THE TASK ▸ For the listing below, output exactly the lines from the line with "Kleidersack - blau - Faserstoff - 60x150 cm" up to and including the line with "Temperatursensoren", and no other lines.

[[ EXCERPTED RECORDS open ]]

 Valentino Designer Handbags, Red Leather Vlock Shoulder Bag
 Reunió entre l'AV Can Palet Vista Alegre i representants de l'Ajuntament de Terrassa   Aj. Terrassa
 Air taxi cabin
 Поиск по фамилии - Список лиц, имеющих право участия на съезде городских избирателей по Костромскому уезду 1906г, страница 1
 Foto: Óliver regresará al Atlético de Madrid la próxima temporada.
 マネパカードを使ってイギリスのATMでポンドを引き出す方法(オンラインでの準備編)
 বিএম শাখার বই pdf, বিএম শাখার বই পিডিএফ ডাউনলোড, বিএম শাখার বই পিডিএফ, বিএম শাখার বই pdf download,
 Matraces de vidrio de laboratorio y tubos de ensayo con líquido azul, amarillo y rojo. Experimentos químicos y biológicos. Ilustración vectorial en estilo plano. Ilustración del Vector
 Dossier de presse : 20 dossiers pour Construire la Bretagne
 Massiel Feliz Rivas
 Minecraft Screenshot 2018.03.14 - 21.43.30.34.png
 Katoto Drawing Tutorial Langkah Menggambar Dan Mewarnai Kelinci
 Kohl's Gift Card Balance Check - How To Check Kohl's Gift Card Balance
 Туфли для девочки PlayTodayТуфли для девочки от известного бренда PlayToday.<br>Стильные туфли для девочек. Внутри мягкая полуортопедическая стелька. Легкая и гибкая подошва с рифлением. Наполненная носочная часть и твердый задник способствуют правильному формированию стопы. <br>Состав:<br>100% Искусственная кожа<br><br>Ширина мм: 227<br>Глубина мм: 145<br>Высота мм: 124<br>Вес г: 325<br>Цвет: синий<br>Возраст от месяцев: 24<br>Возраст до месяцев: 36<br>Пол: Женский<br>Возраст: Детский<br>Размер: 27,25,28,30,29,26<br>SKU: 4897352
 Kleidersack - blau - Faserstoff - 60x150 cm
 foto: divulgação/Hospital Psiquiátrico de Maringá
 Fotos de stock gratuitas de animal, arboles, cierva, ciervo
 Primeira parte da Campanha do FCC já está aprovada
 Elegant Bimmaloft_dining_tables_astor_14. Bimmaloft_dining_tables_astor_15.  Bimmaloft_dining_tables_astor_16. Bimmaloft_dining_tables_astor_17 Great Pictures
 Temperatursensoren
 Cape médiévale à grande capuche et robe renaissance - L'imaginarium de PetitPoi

[[ EXCERPTED RECORDS closed ]]

ANSWER TO THIS TASK ▸
 Kleidersack - blau - Faserstoff - 60x150 cm
 foto: divulgação/Hospital Psiquiátrico de Maringá
 Fotos de stock gratuitas de animal, arboles, cierva, ciervo
 Primeira parte da Campanha do FCC já está aprovada
 Elegant Bimmaloft_dining_tables_astor_14. Bimmaloft_dining_tables_astor_15.  Bimmaloft_dining_tables_astor_16. Bimmaloft_dining_tables_astor_17 Great Pictures
 Temperatursensoren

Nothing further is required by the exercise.